Exercise prompt: Would you retype exactly the lines below, from the one containing "Les volets roulants" through the end of the entries, both ends included, but not the pictures?
─── Data for analysis
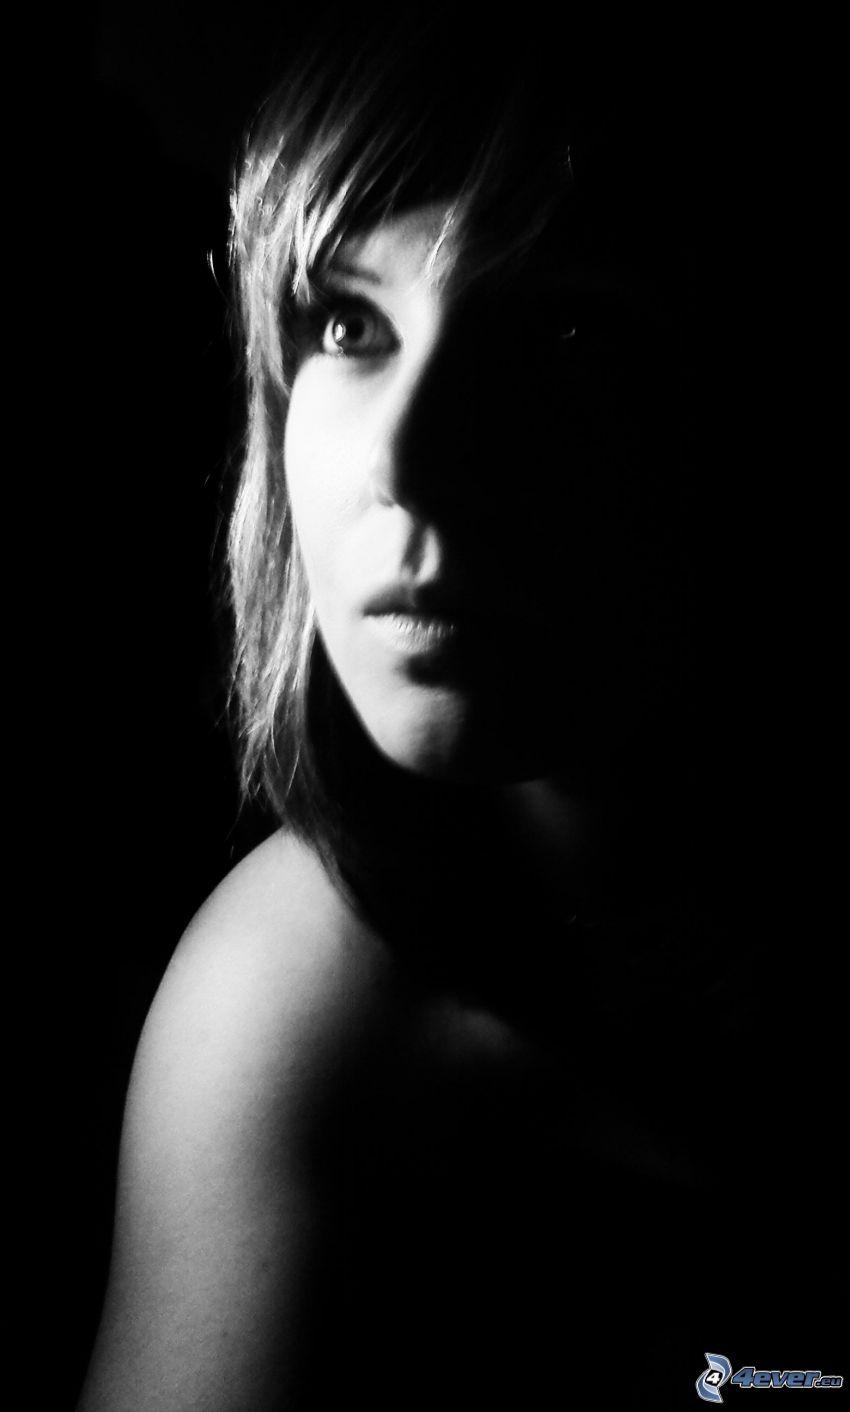 Mädchen im Dunkel, Gesicht, Dunkelheit
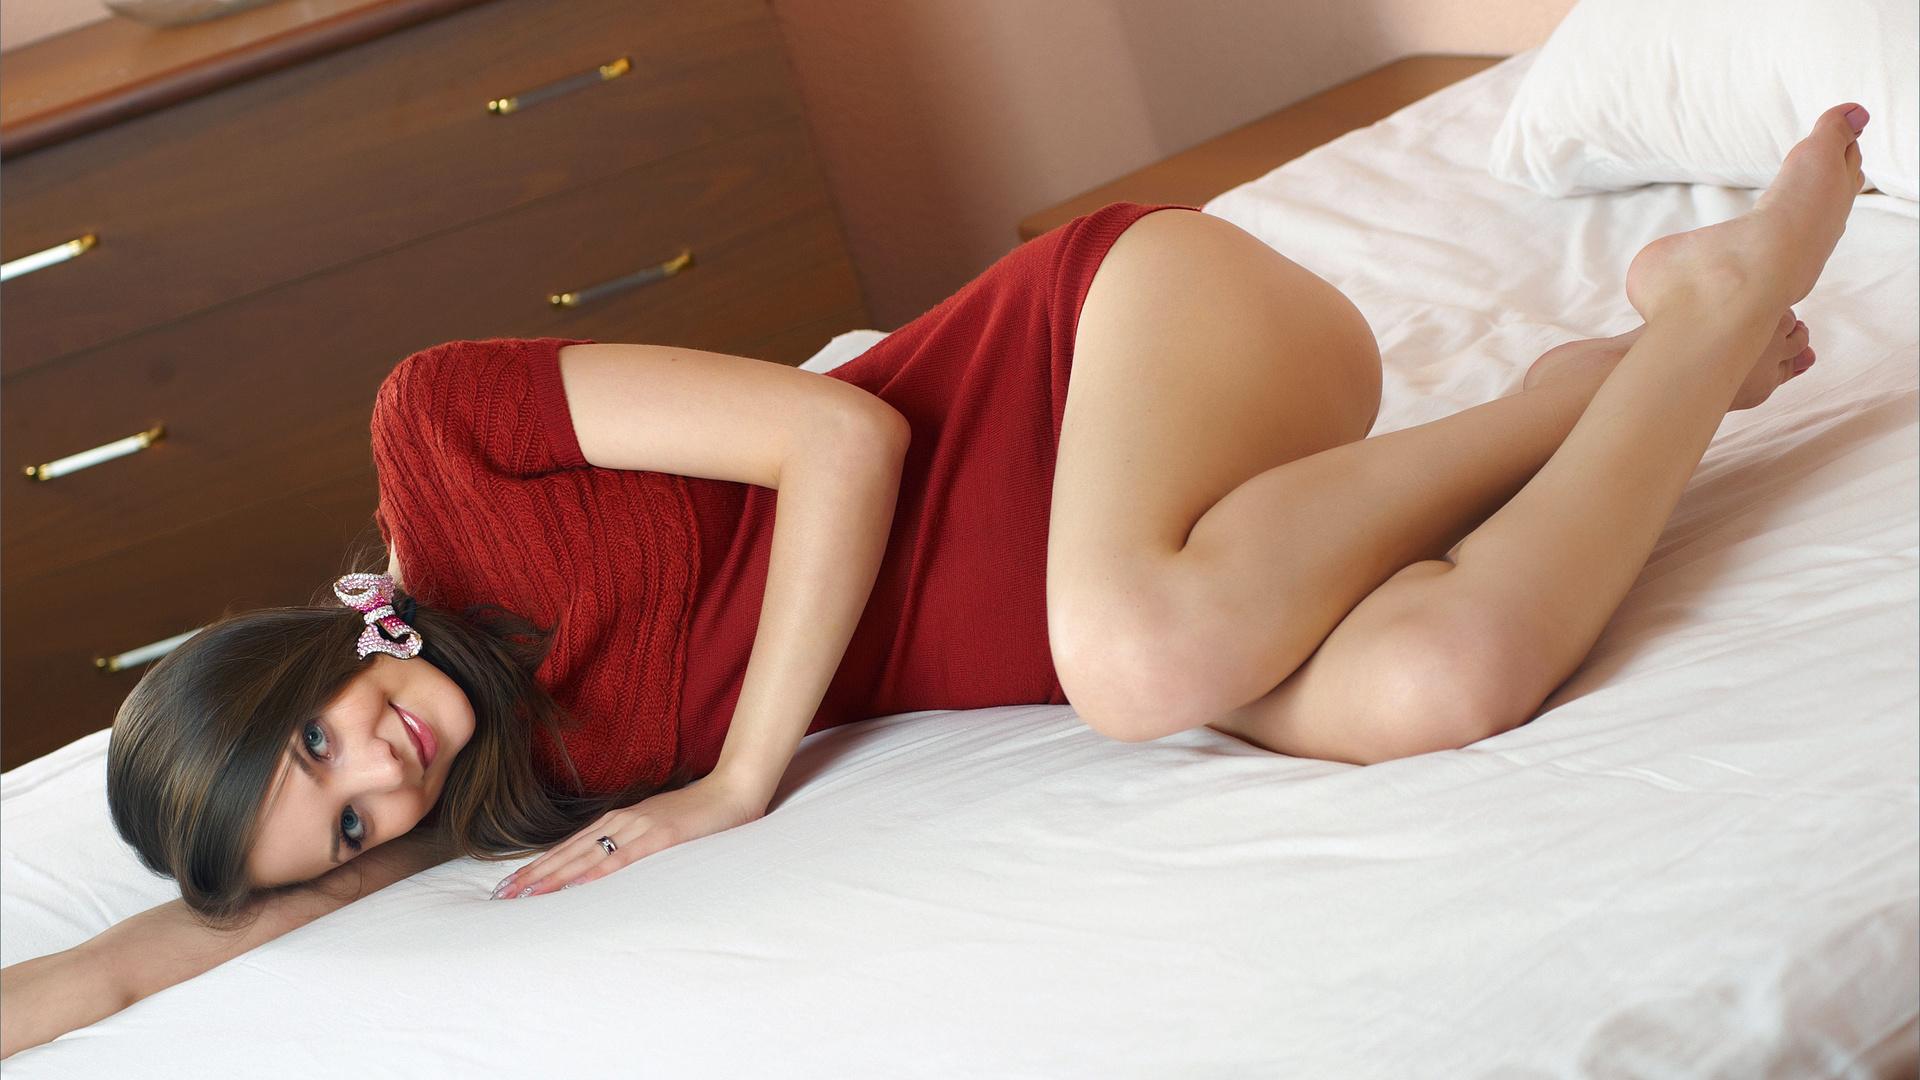 Русская ariel nastya, Nastya Ariel порно - HD видео для взрослых - SpankBang 27 фотография
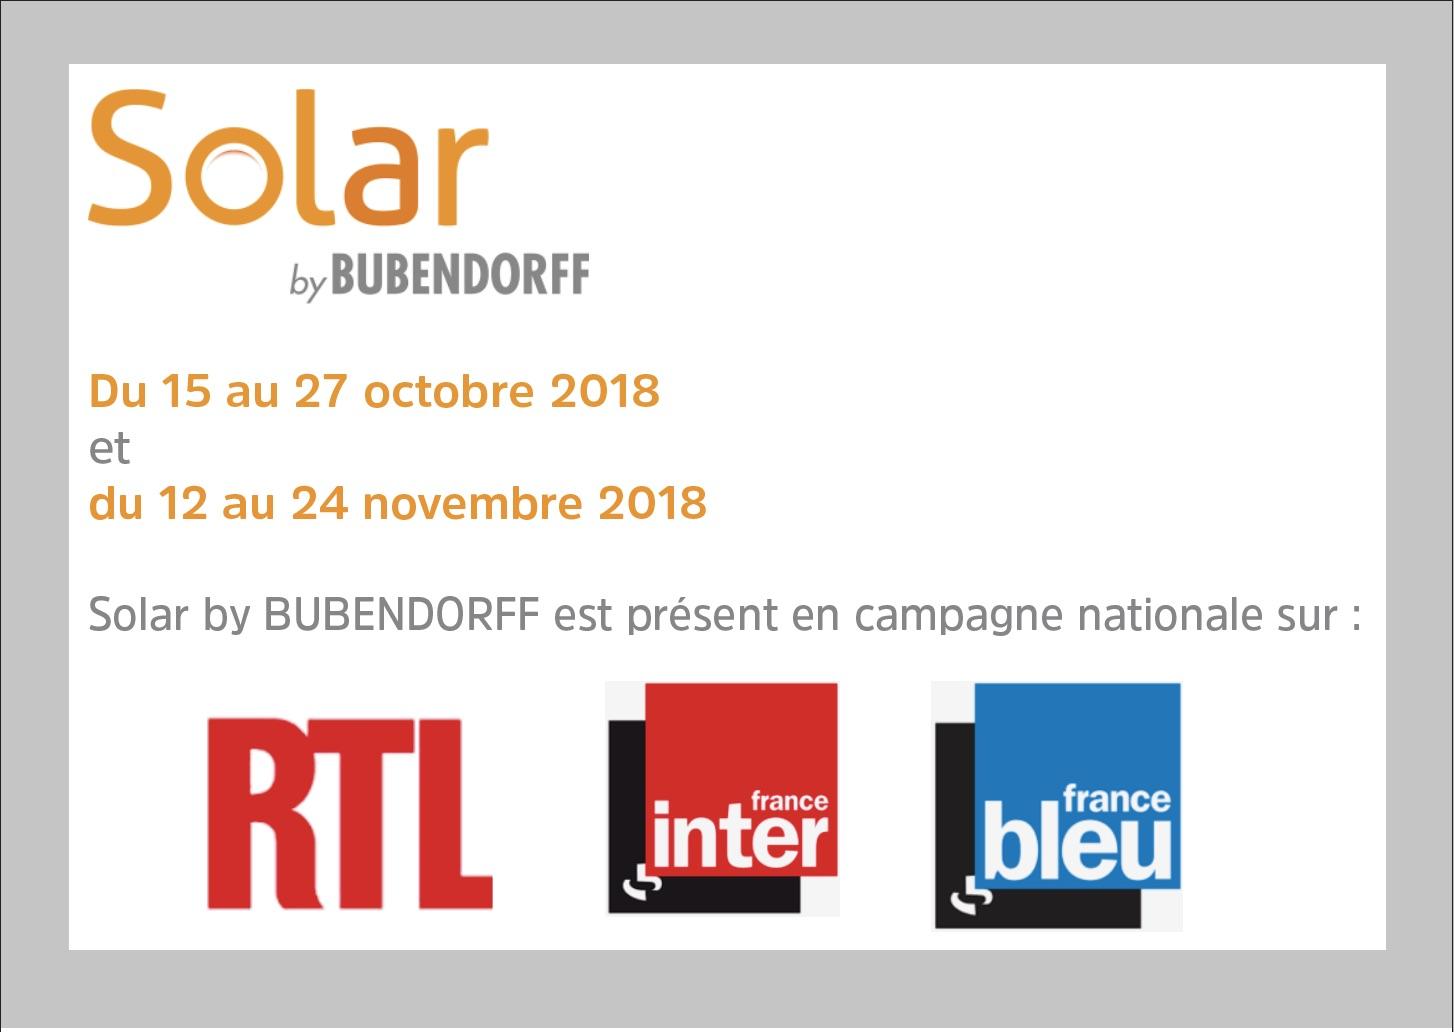 Les volets roulants et la motorisation de volets battants Solar by  BUBENDORFF arrivent sur les ondes radio avec un ambassadeur de marque,  Stéphane Thébaut, ... f5a4b32bb120
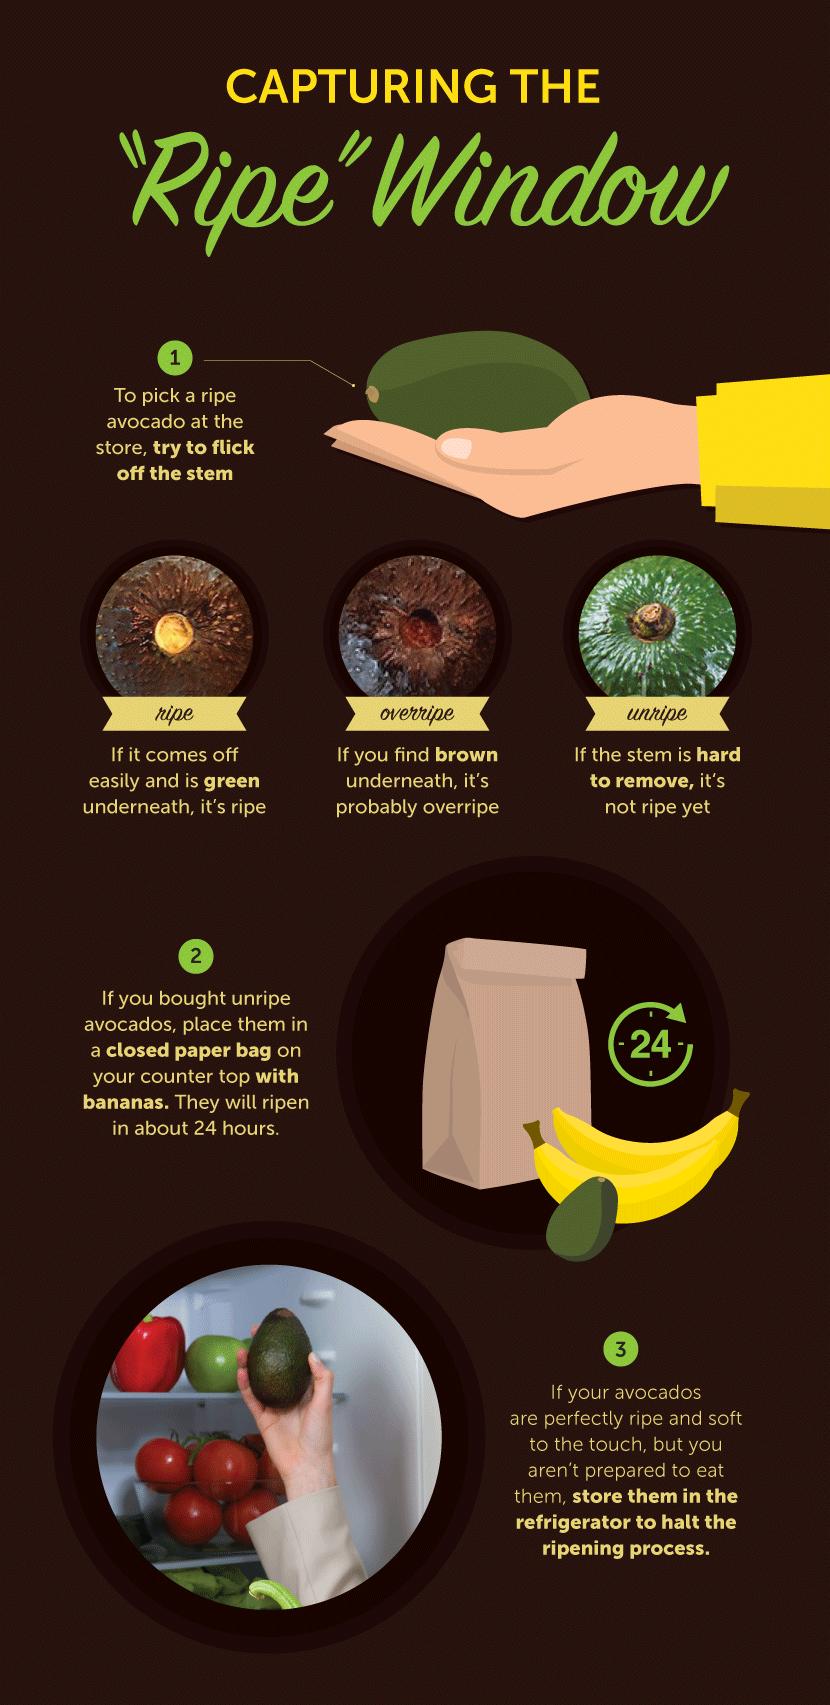 10 Ways to Make Gourmet Avocado Toast - Capturing the Ripe Window
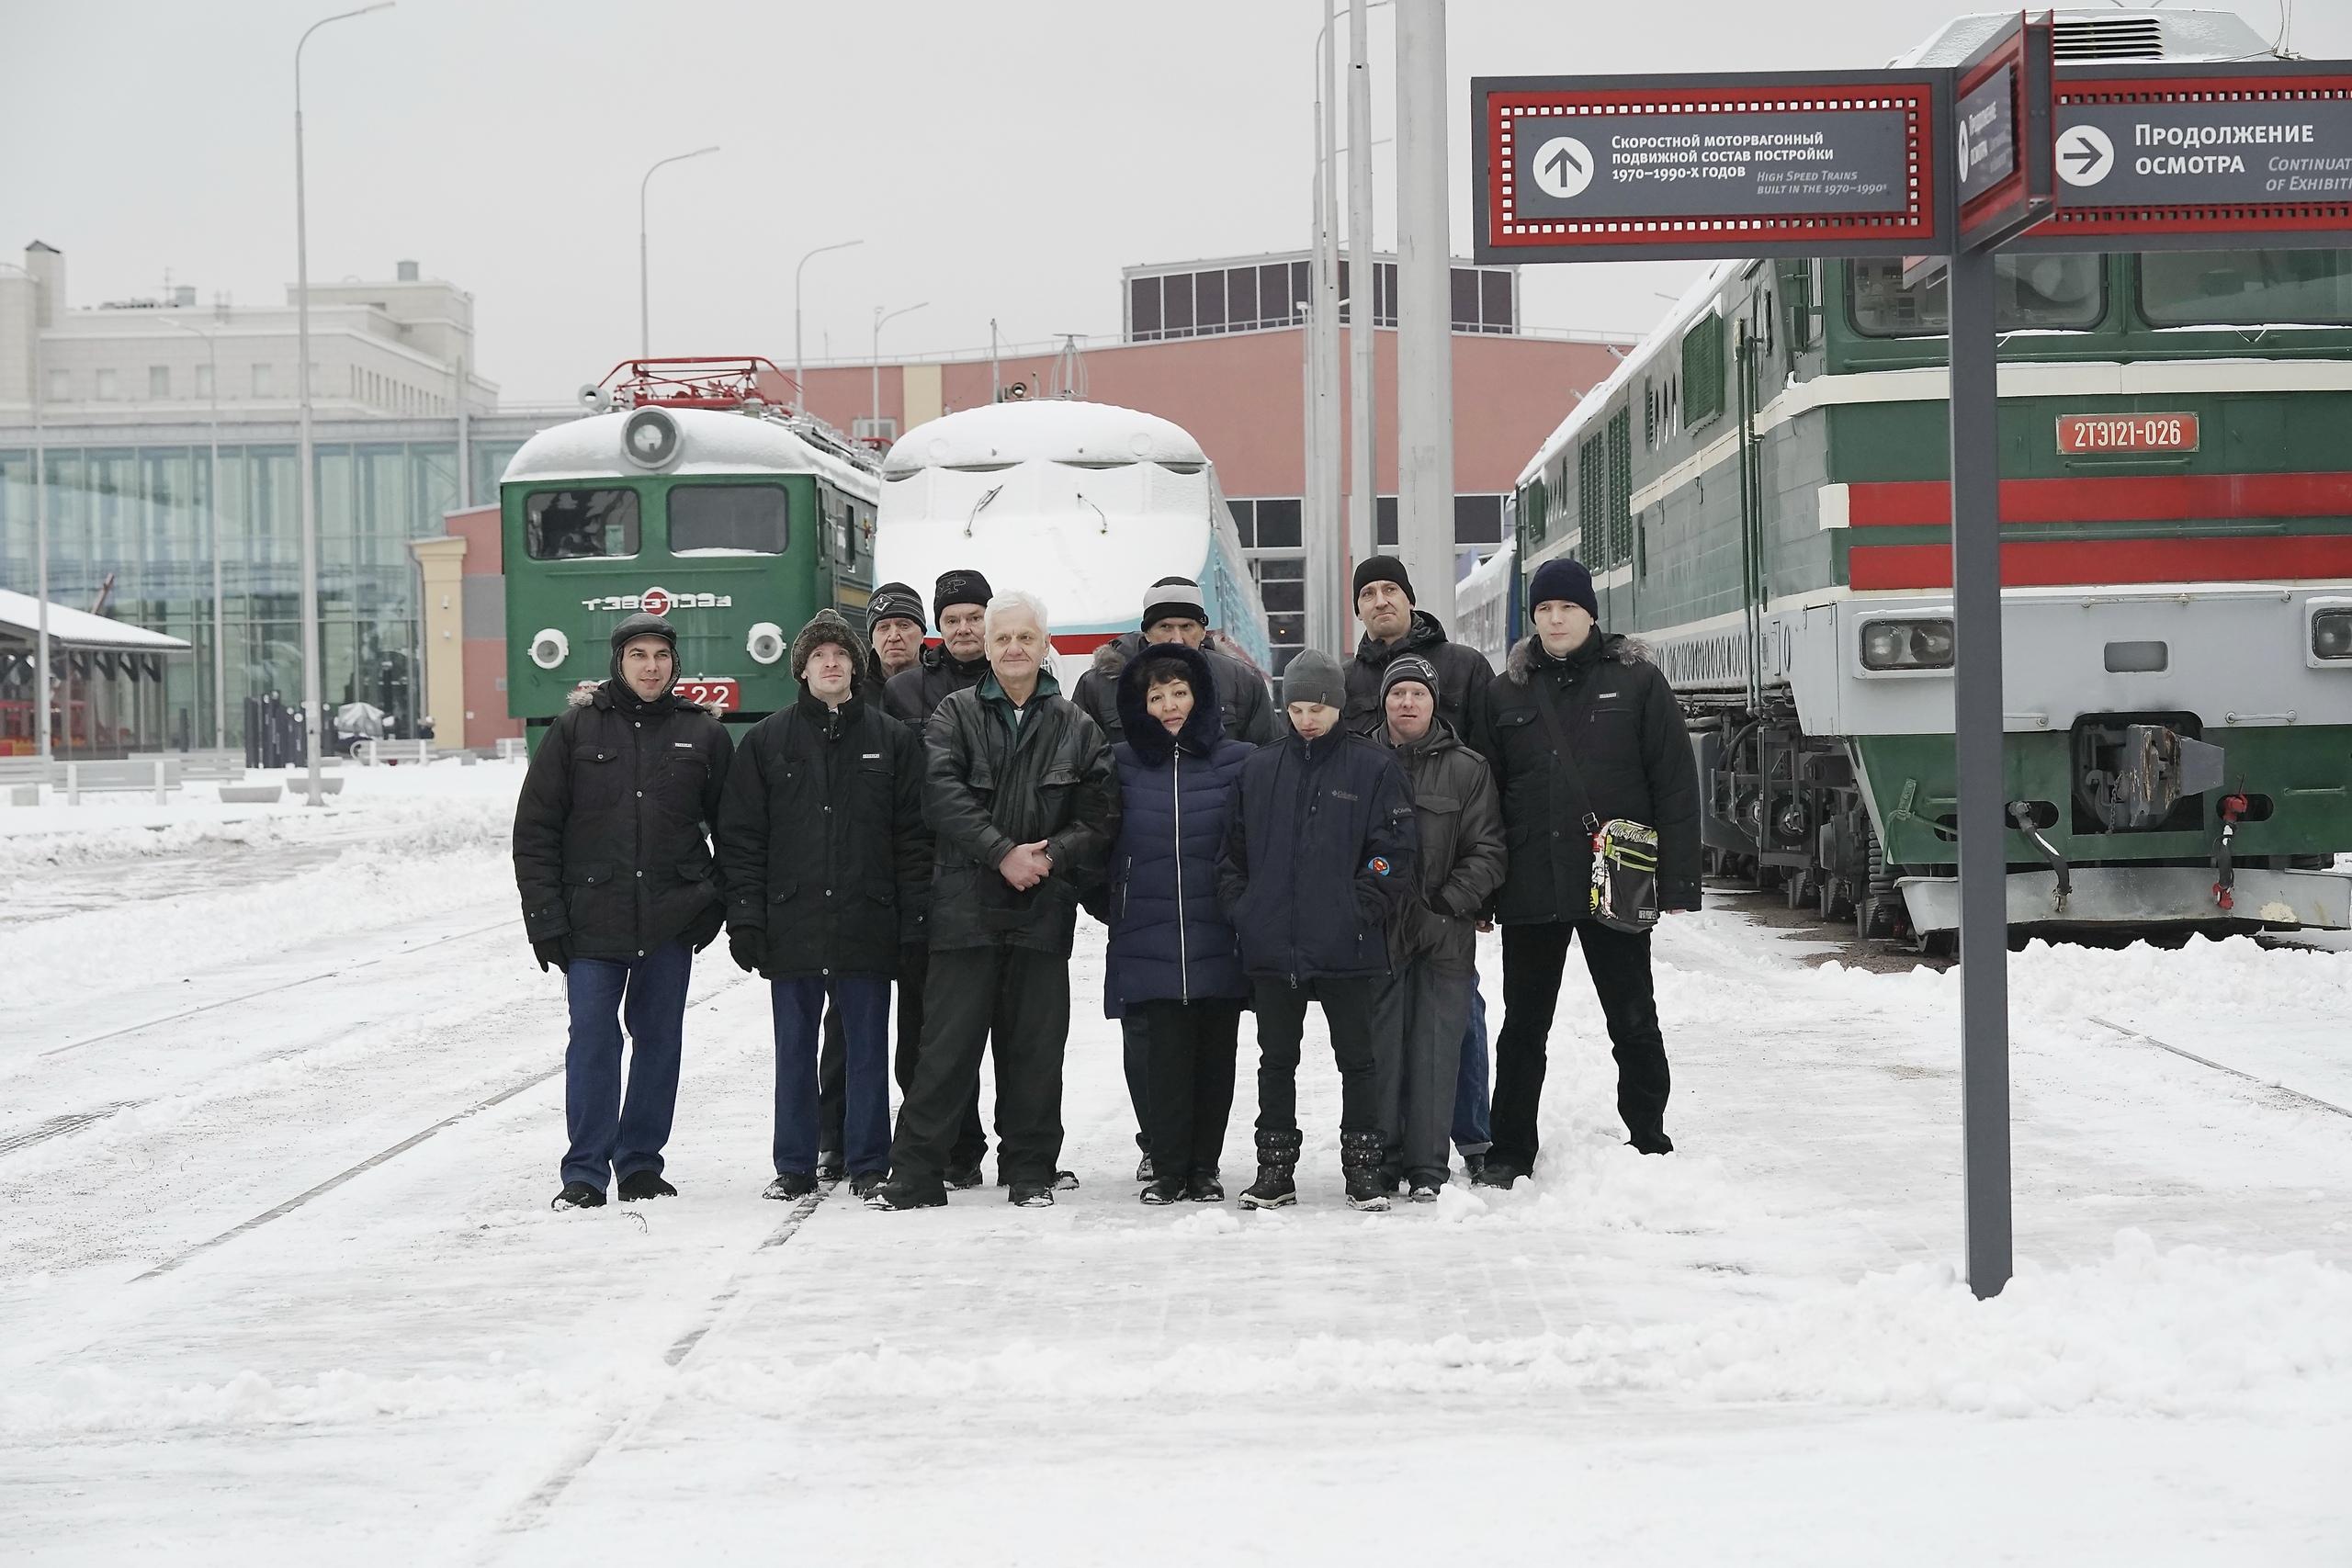 «Музей железных дорог России»
──────
Response box:
 Les volets roulants et la motorisation de volets battants Solar by  BUBENDORFF arrivent sur les ondes radio avec un ambassadeur de marque,  Stéphane Thébaut, ... f5a4b32bb120
 10 Ways to Make Gourmet Avocado Toast - Capturing the Ripe Window
 «Музей железных дорог России»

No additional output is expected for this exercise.